We presented a two-stage approach to automatically cascade several DLD purification steps in a single integrated platform. As a result of the modularity of our cascaded platform, any DLD chips can be implemented according to the application. Intermediate flexible chambers with high volume capacitance are directly integrated in the cartridge and present two advantages: each DLD step is performed independently with optimized separation efficiency - similar to single DLD devices - and no external manipulation of the sample is required. Each step of the purification protocol is performed automatically, with the help of external actuation of valves and chambers controlling the sample flow between both DLD modules. Therefore, the complexity of the fluidic actuation at each DLD stage is integrated in our autonomous cartridge, unlike usual approaches for which it is manually controlled by the user.

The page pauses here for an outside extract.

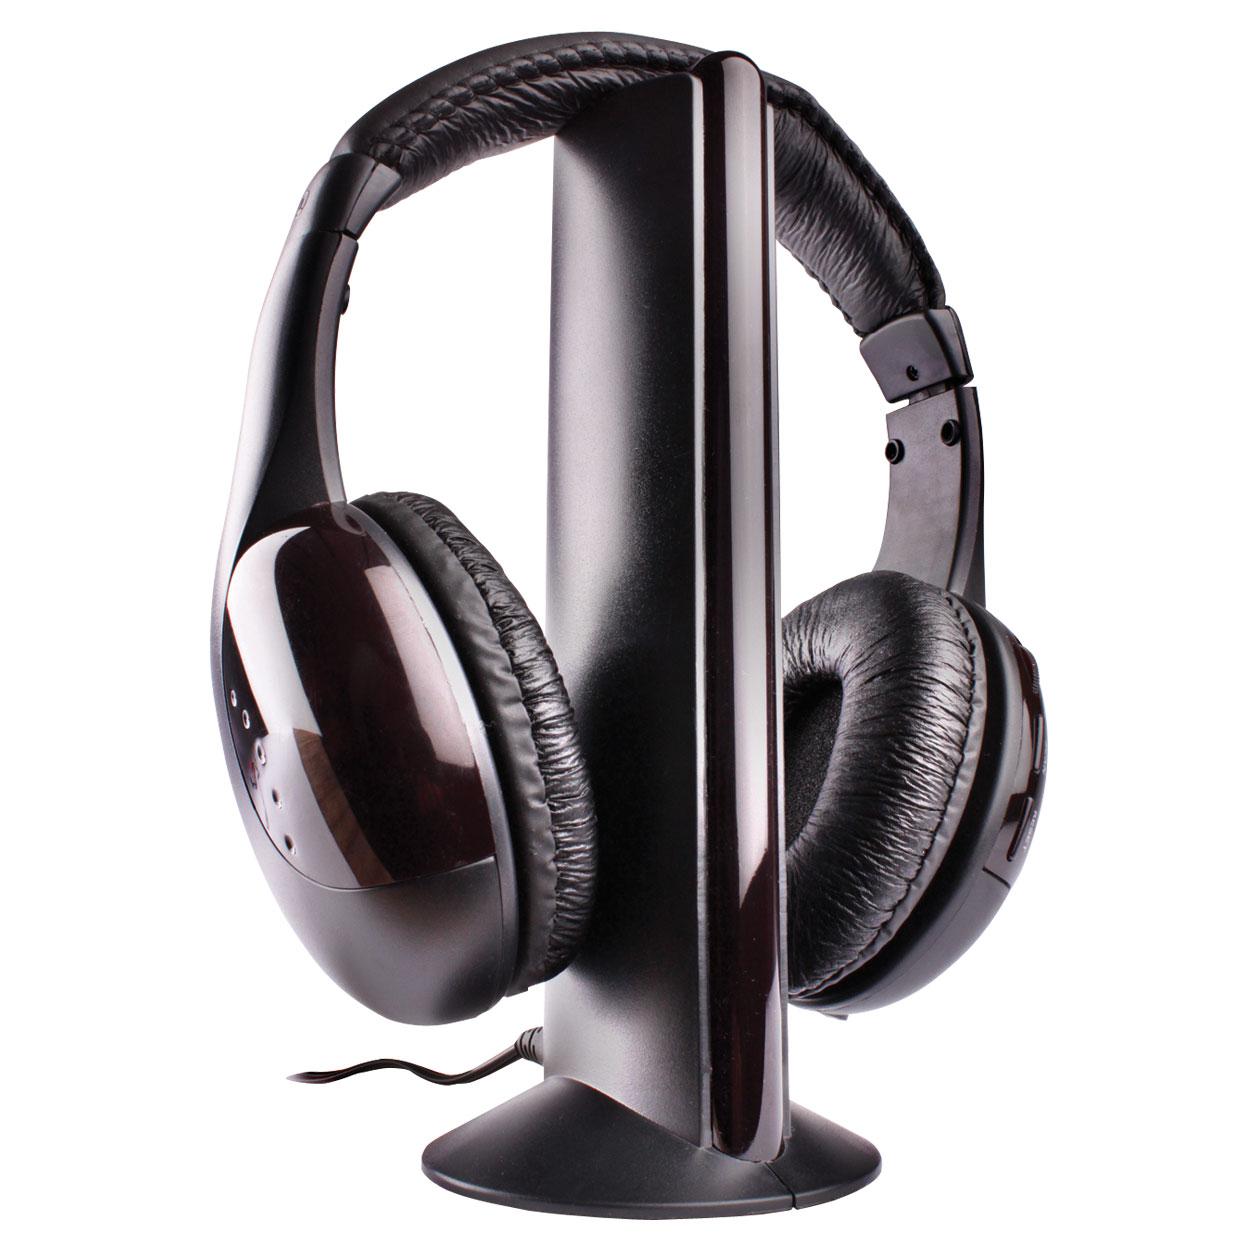 5In1 Wireless Headphones

This new approach was demonstrated with the extraction of bacteria from complex blood samples to achieve a concentration of bacteria three times higher than the most abundant contaminant (RBCs). A two-stage device was implemented for this application but more than two DLD steps could be cascaded with the exact same strategy. The presented platform with integrated large-volume chambers opens a perspective of automatically controlling any successive microfluidic steps that need to be performed independently from each other to ensure optimized efficiency.